I switched to an 82576 NIC. The kernel igb driver (version 1.3.16-k2) has
multiqueue enabled by default with 4 rx and 4 tx queues. I'm running with 4096
rx ring entries enabled.

The target app is performing well on the igb NIC whereas on the e1000e NIC it
was missing packets. I say "missing" rather than "dropped" because these
packets don't show up on any error counters. However, in throughput testing, we
can't receive faster than 905-910 Mbps whereas we can reliably receive at 950
Mbps on our older non-Nehalem machines.

> 
> > 
> > > 
> > > Can you post the output of $ mpstat -P 1 ALL during peak load?
> > > 
> > 
> > We run "mpstat -P 5 ALL" continuously; is this sufficient resolution? I've
> > attached the mpstat output from the 09:30-10:30 yesterday, which is one of the
> > busiest hours of the day for multicast traffic.
> 
> ~15'000 interrupts/core seems rather high to me - especially considering
> the fact that this is a 1GbE link.
> Reducing the InterruptThrottleRate to 1000/5000 while increasing the
> queue count (ethtool -G ... rx ...) should decrease it.
> 
> 
> > Also, here is the top of the output from powertop. Are you running with C-STATE
> > enabled? It is somewhat troubling that more than half of the time is spent in
> > the most power-saving state (C3), but I think this is averaged across all CPUs.
> 
> I usually disable power management.
> Be advised, that we are using 10GbE cards and not 1GbE, so we are more
> vulnerable to
> scaling-the-core-down-right-when-the-cards-starts-flooding-the-hell-out-of-it...

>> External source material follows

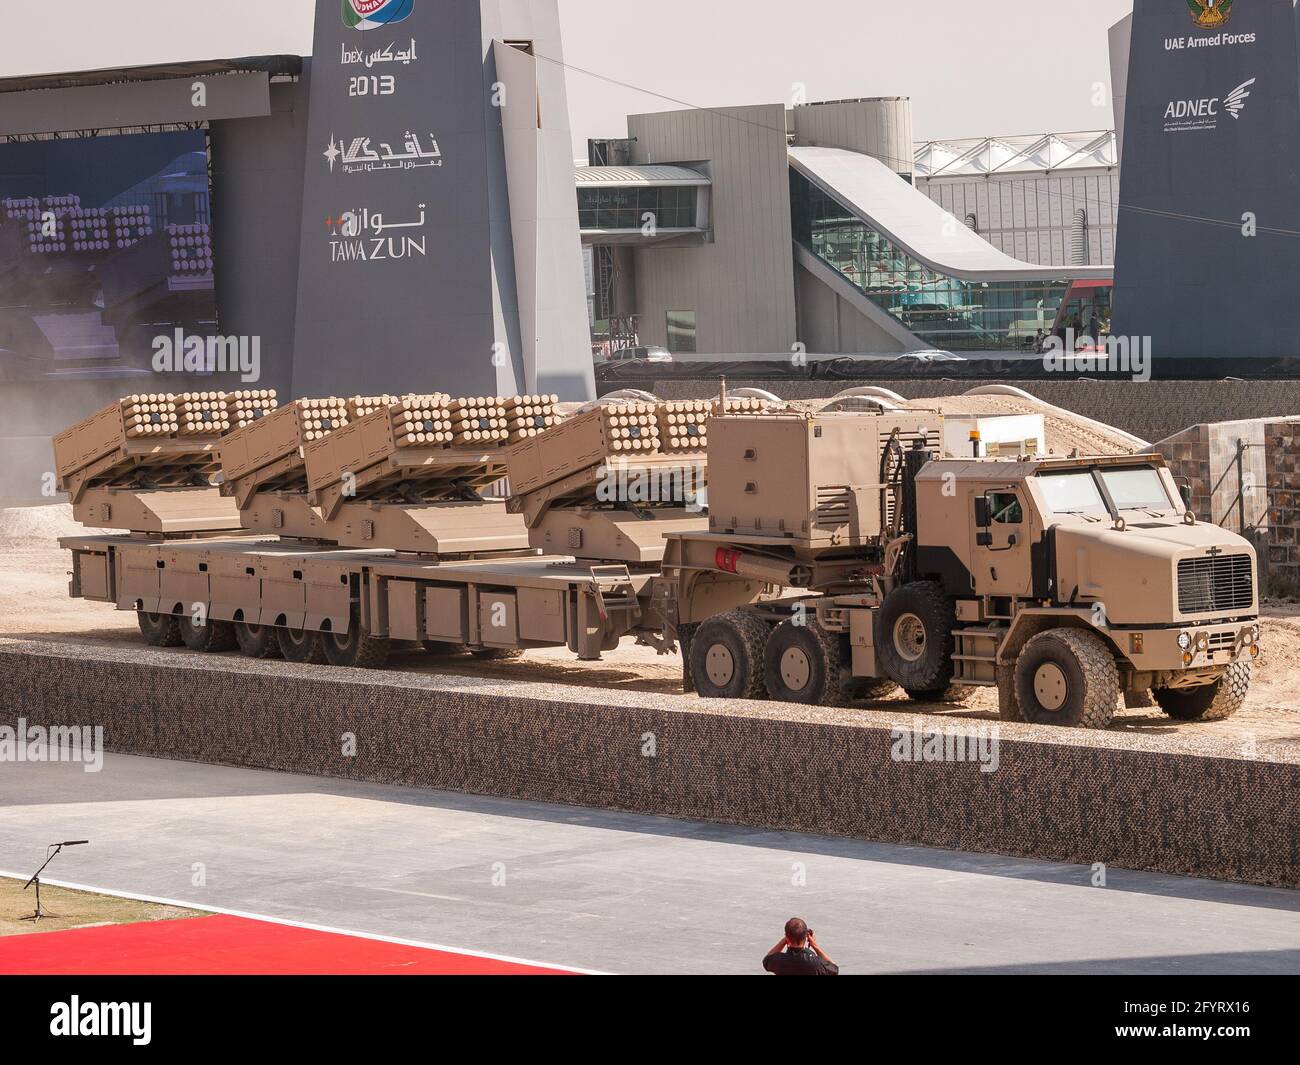 Abu Dhabi, Émirats Arabes Unis - 19 février 2013 : lanceur de plusieurs Cradle de Jobaria Defense Systems Banque D'Images
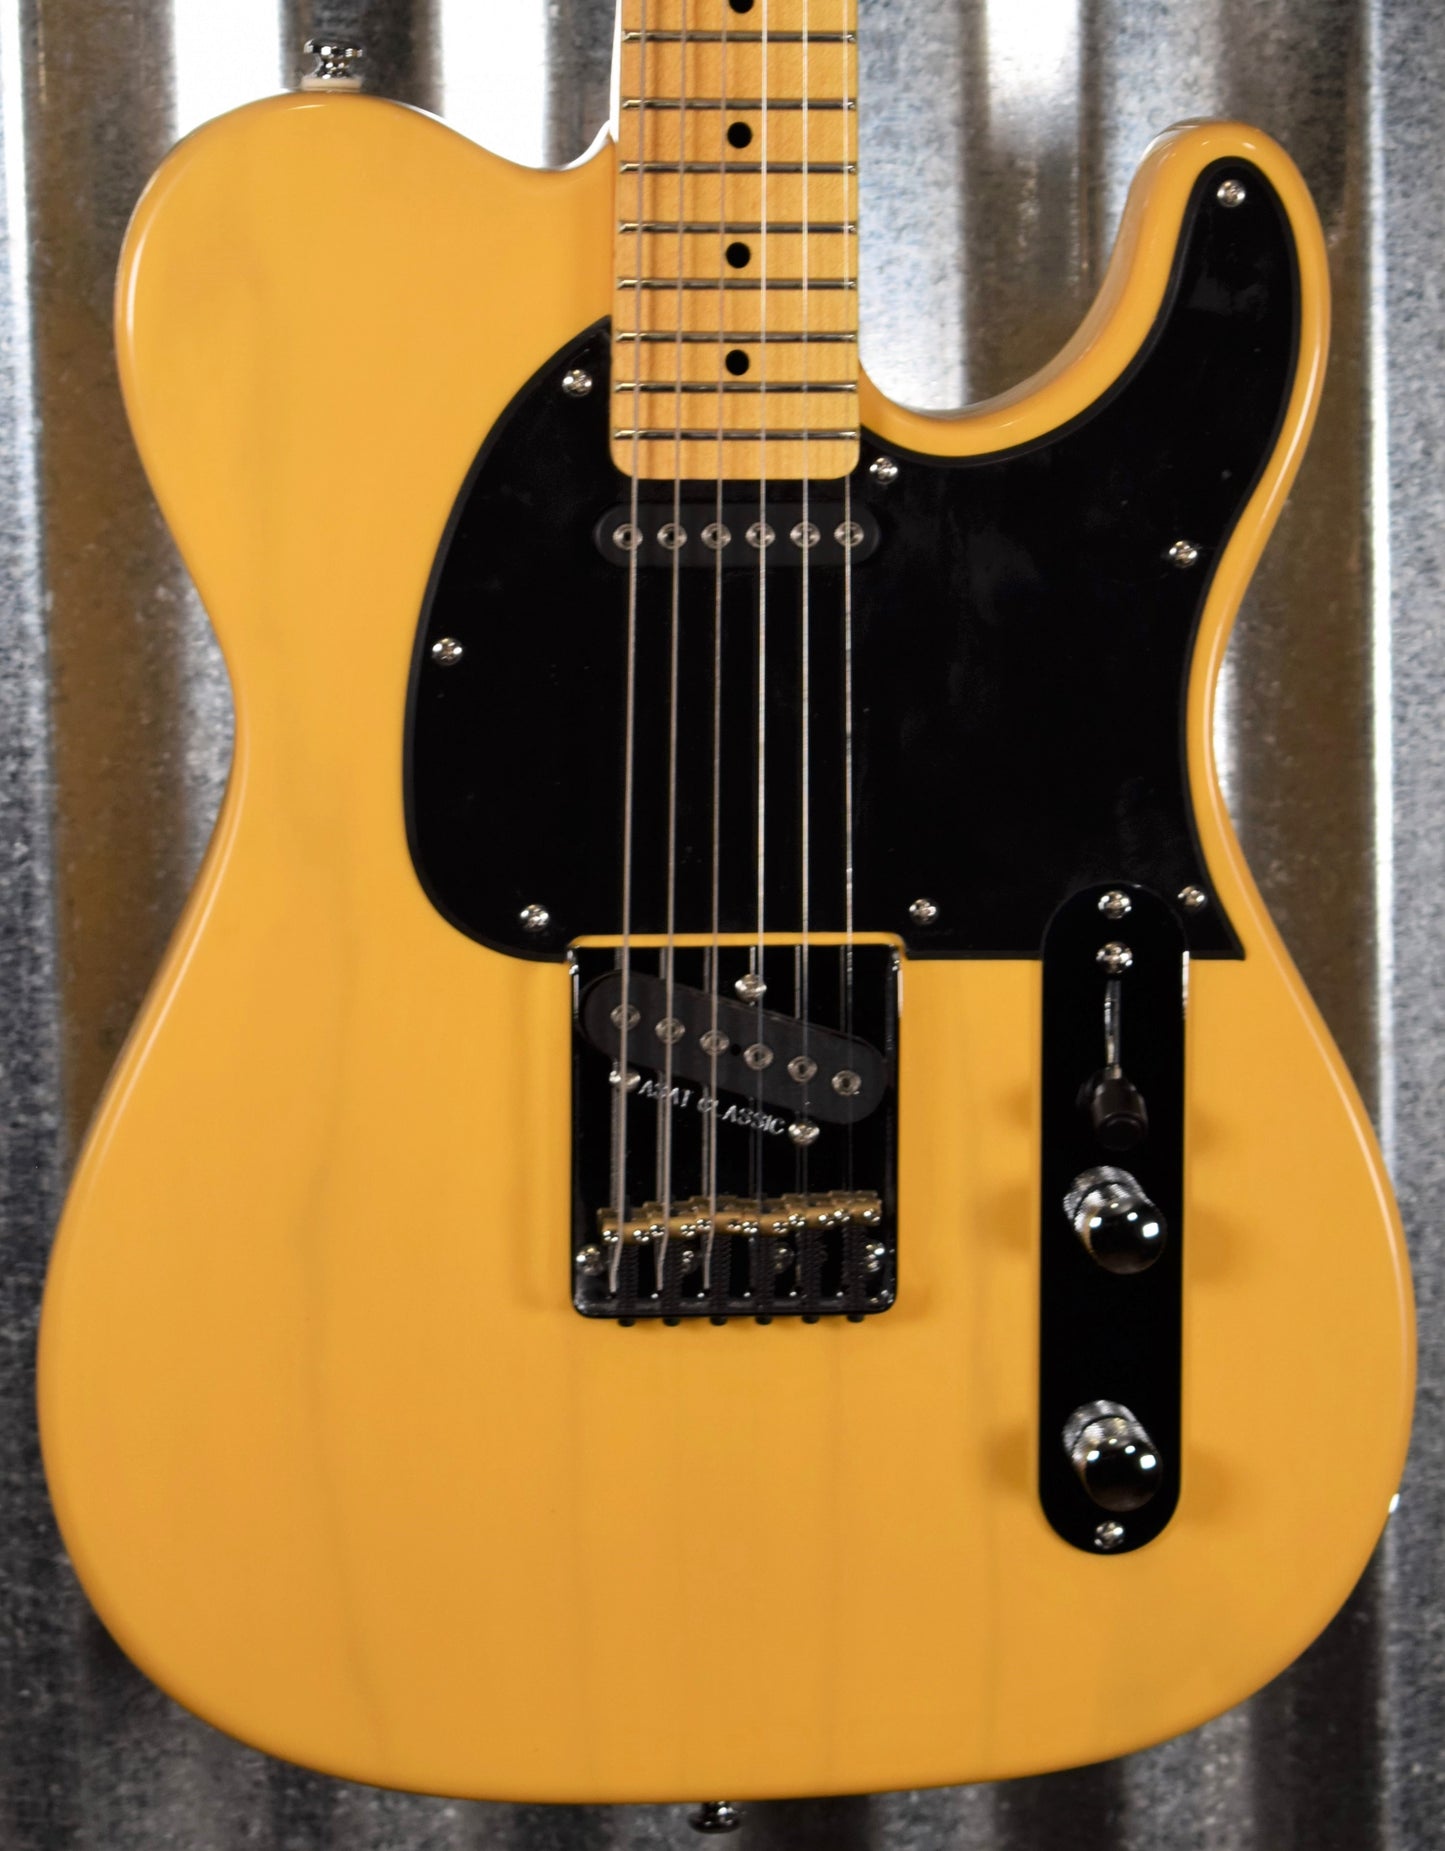 G&L Tribute ASAT Classic Butterscotch Blonde Guitar #1728 Demo

I notice that ASPM is enabled on the 82576 NIC and the PCIe ports. Have you
disabled ASPM? Disabling C-STATE had no effect on throughput or app
performance.

I'm going to test with ASPM disabled later today.

> 
> P.S. Please post your complete hardware configuration. (Board, CPU,
> in-which slot did you put the NIC, etc)
> 
> - Gilboa

I've attached dmidecode and lspci output. Here's a summary:

Motherboard: Supermicro X8DTL-iF
CPU: Single Xeon E5530
RAM: 3x1GB 1333MHz DDR3 ECC Registered

The 82576 NIC is inserted into a PCIe 2.0 x8 slot.